What the mass defect is telling you
A nucleus has less mass than its separated protons and neutrons. That “missing” mass (the mass defect $\Delta m$) corresponds to the energy released when the nucleus formed, and it is exactly the energy you must add to pull it apart (the binding energy).
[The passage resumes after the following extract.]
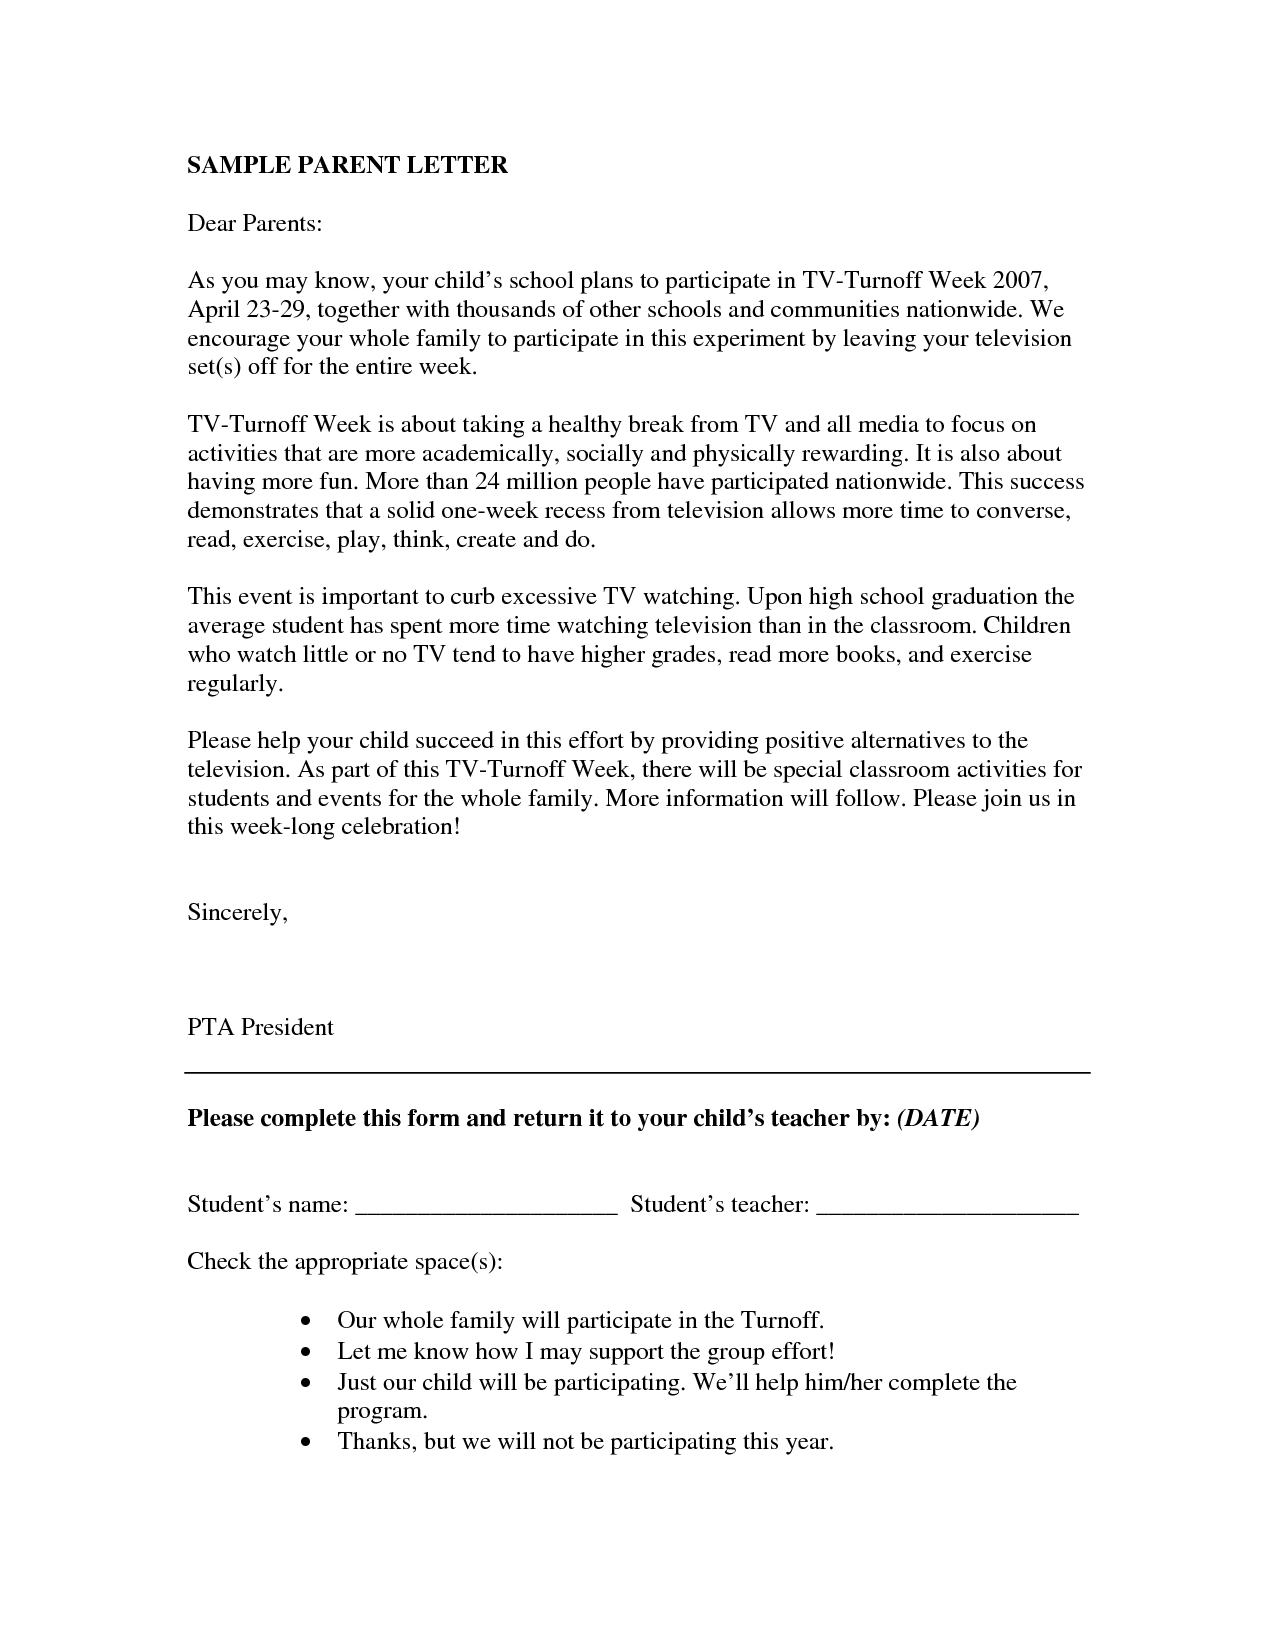 parent teacher letter templates. parent letters from teachers

Convert mass defect to energy
Use Einstein’s relation $E = \Delta m c^2$ and the handy conversion
$$1\,\text{u} = 931.5\,\text{MeV}/c^2.$$
So the binding energy in MeV is
$$E = (\Delta m)(931.5\,\text{MeV}/\text{u}).$$
Plug in the number for beryllium-7
Given $\Delta m = 0.0404\,\text{u}$:
$$E = (0.0404)(931.5)\,\text{MeV} \approx 37.6\,\text{MeV}.$$
Match to the multiple-choice options
$37.6\,\text{MeV}$ corresponds to (B).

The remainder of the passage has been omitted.